Page 1 of 1

GUI Optimization?

Posted: Fri Mar 30, 2007 8:07 pm
by pcmattman
I'm beginning to start my GUI development (again).

Can anyone reccomend any other method (other than memset) to set the memory that a pointer points to to a certain value? At the moment it's choking on the large amounts of blitting required and this basically brings the whole GUI to a halt.

Any other suggestions for optimization would be helpful too.

Posted: Fri Mar 30, 2007 8:25 pm
by carbonBased
You can't avoid blits, but you can avoid how much you blit. Try using dram buffers for some things.

For my first GUI I had a dram buffer per window, and only blit those regions from each window that had been updated.

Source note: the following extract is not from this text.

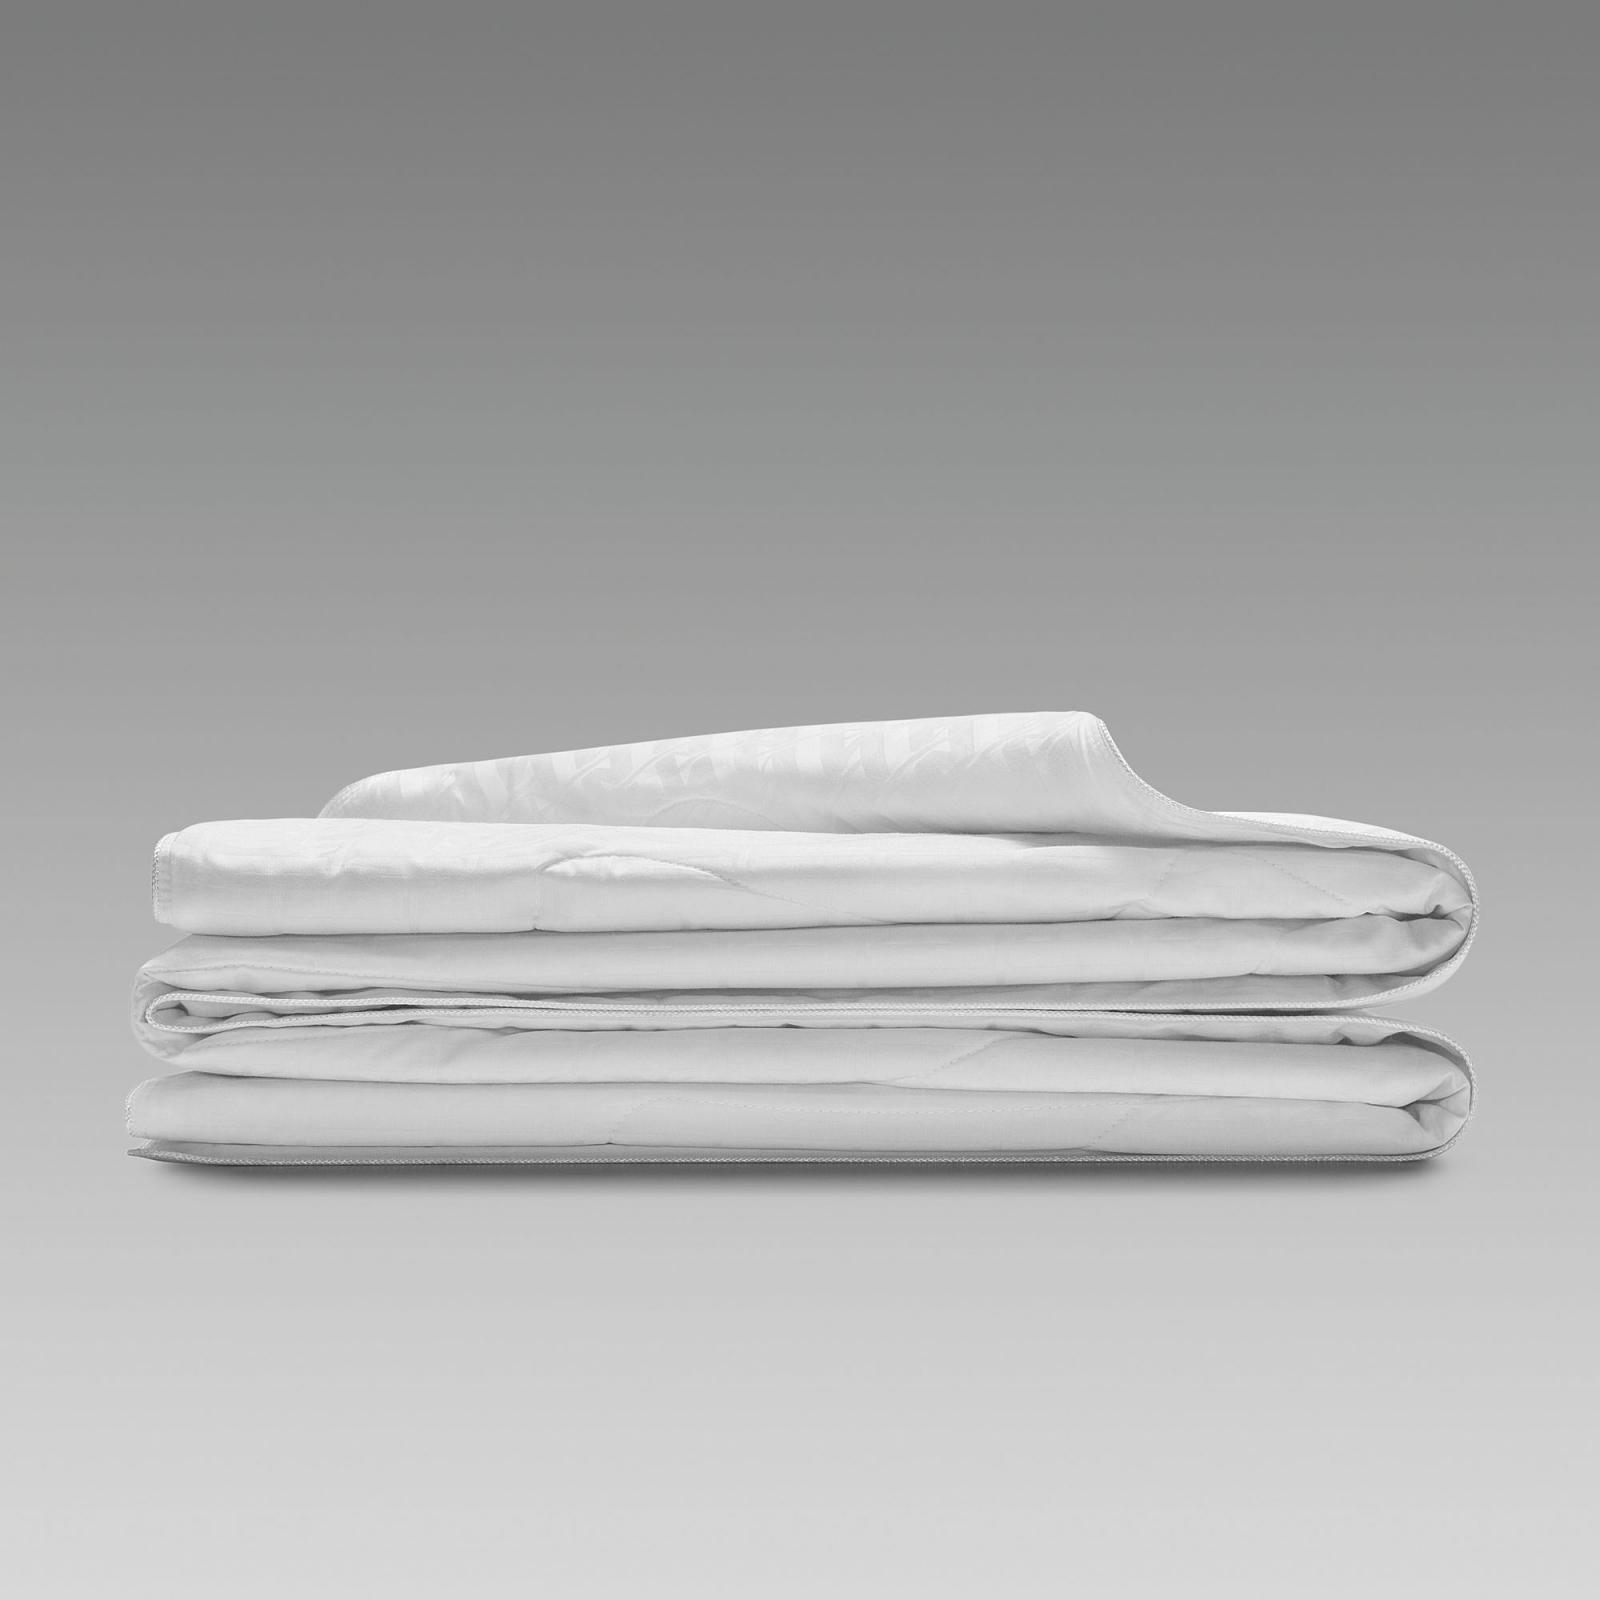 Одеяло Селена лайт Togas 220х240, размер 220х240 см - фото 5

Alternatively, you could have a dram buffer for the entire screen, a blit from it.

Some cards may also support a hardware blitting feature, but I believe they only work from vram to vram, so you're still stuck with the bottleneck of the initial copy into vram, so the comments above still apply.

--Jeff

Re: GUI Optimization?

Posted: Sat Mar 31, 2007 2:55 am
by Brendan
Hi,
pcmattman wrote:Can anyone reccomend any other method (other than memset) to set the memory that a pointer points to to a certain value?
In general (for filling an area to a certain value) you'd use the widest register you can to write to each address in order. If the area isn't suitably aligned or is too small you'd do smaller writes at the beginning and end (where necessary) and still use the widest register you can.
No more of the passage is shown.